One of the students later wrote: “I cannot find words to express how devastated I am that our Memoir has given rise to disputes. We could scarcely believe that anyone could draw such exaggerated consequences from a single, simple consideration on the organization of molluscs.”  But the debate went on, each protagonist making wider generalizations from more examples of their work, exaggerating to make their points.
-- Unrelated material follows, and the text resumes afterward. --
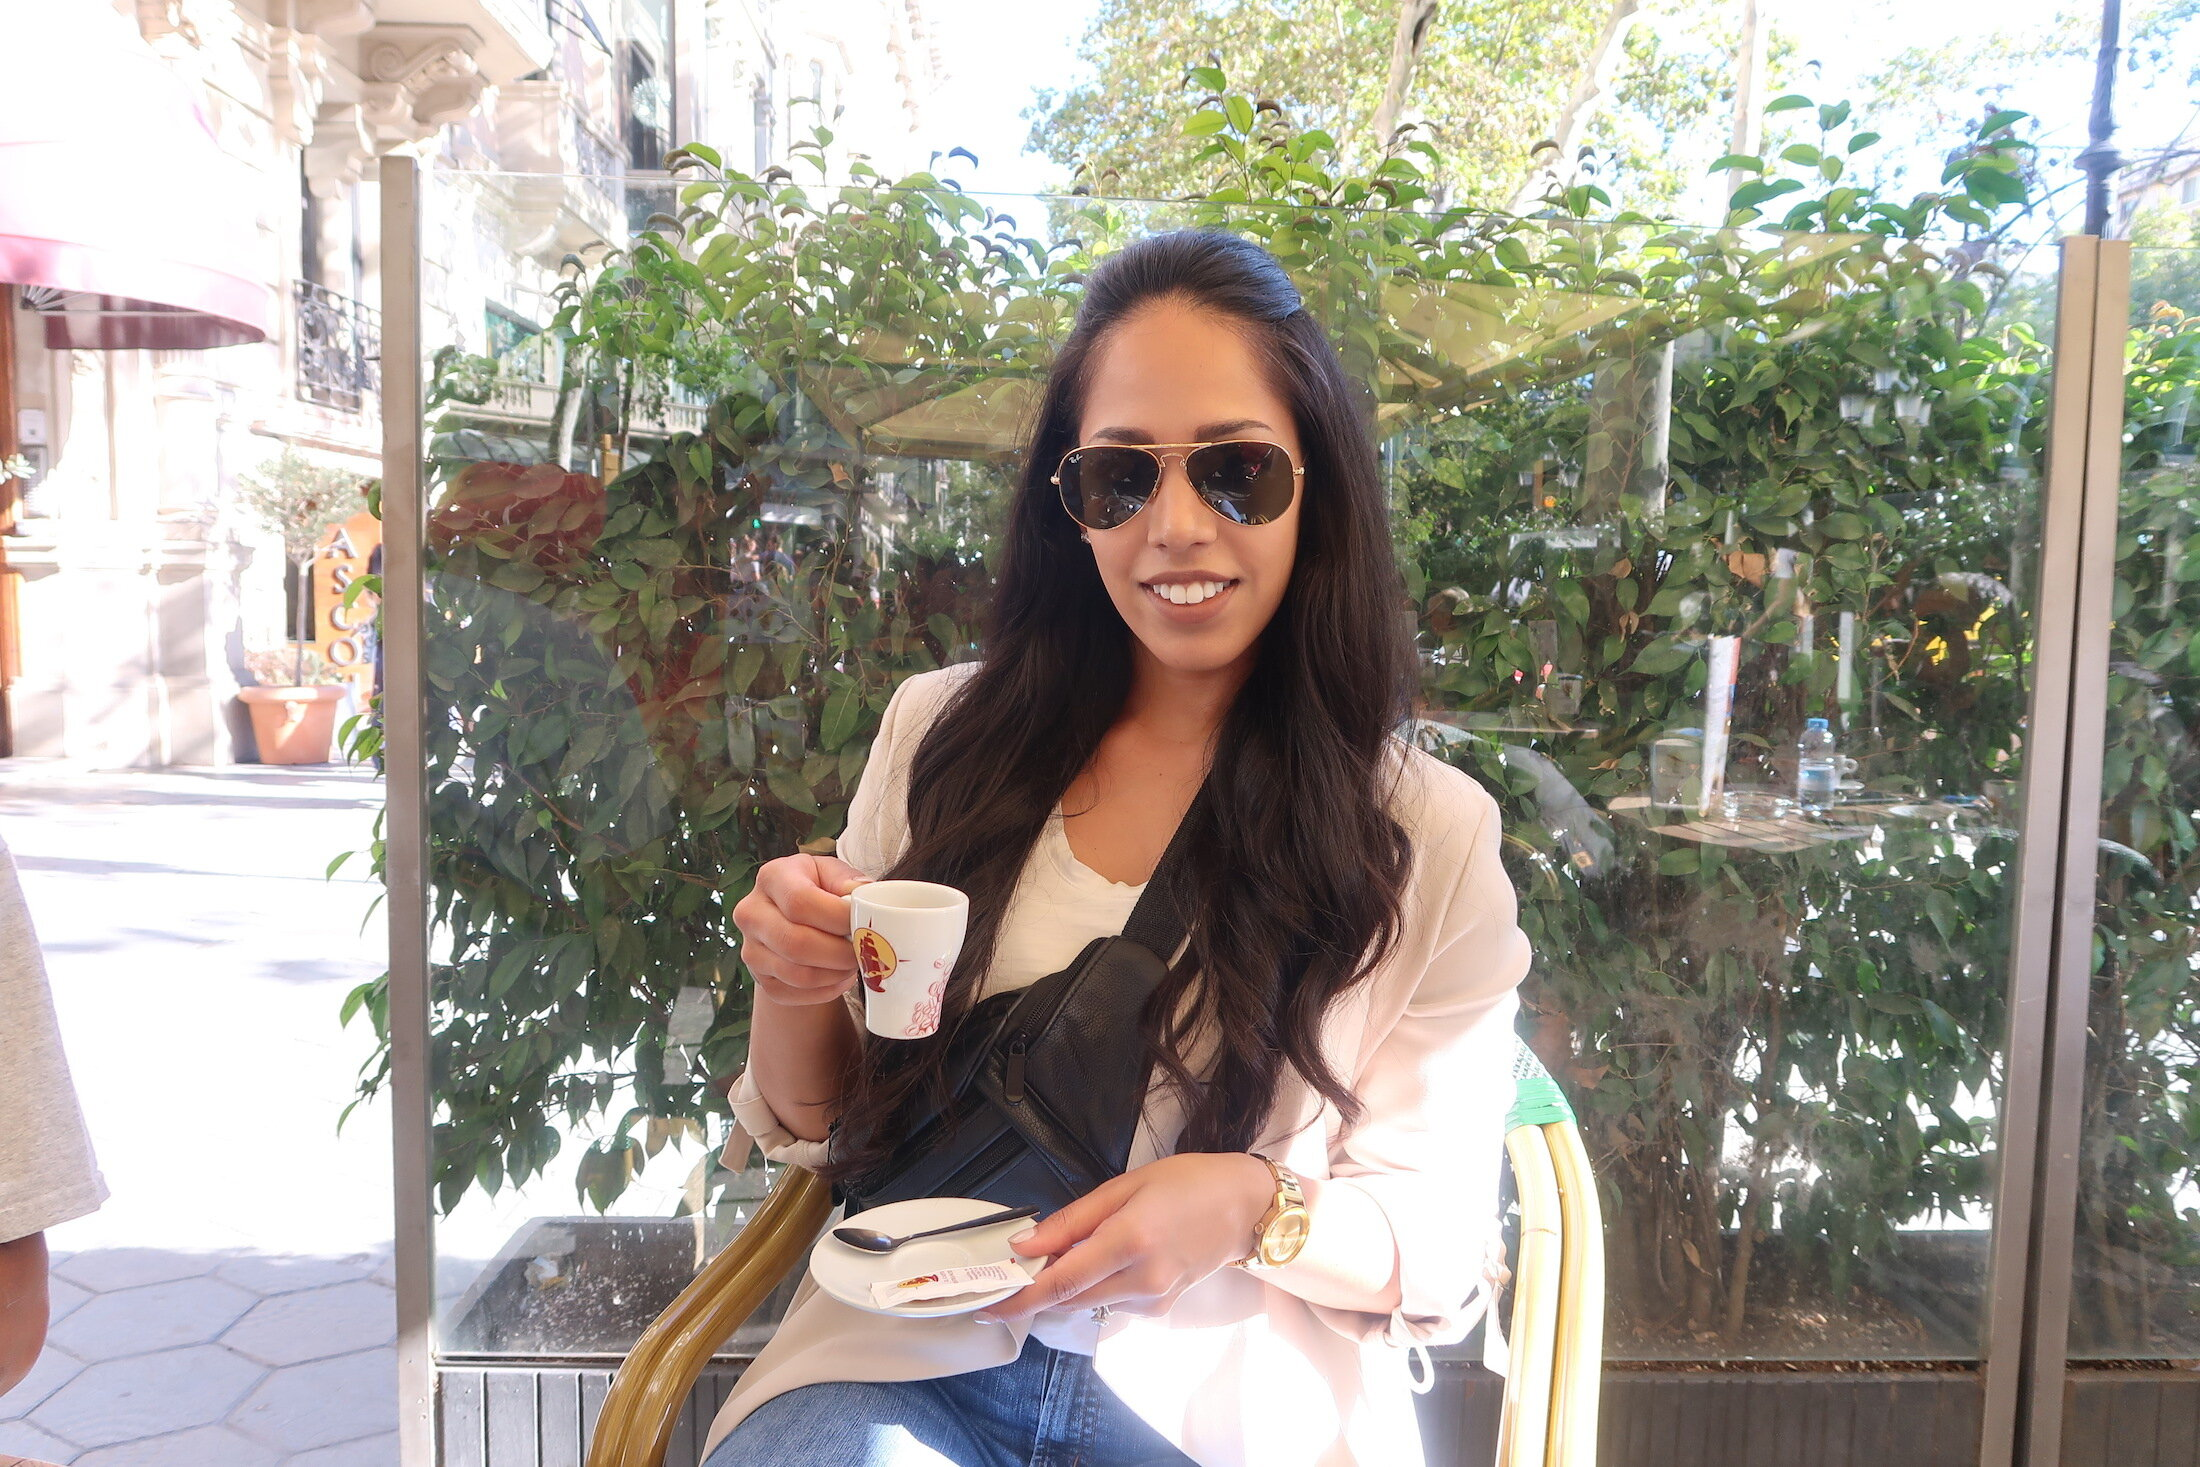 barcelona-spain-fashion-blogger-drinking-espresso.JPG

Further debates didn’t improve the chances of either argument. Cuvier always returned to his fixed anatomy for each species, stable forms suddenly coming and suddenly going, but never changing. Geoffroy was all for change, stimulated by the environment, one species changing into another. In the fourth debate he illustrated his progression with some examples: he cited a species of marine lizard found as a fossil in the chalk deposits near Paris, and suggested it had changed into a crocodile, then that into a giant mammal, and finally into an extinct paleotherium. Even then it sounded like a stupid idea and to make matters worse he had no new evidence, just a very large number of missing links. Even the ages of the fossils were in the wrong sequence and the anatomical affinities were confused. Much to Cuvier’s surprise and pleasure Geoffroy went on with even more bad examples. Fish turned into cephalopods, and he linked the lowest vertebrates to the highest mollusks.

The latest, 2013, ideas about the ancestry of some of the major vertebrate groups is shown in two diagrams.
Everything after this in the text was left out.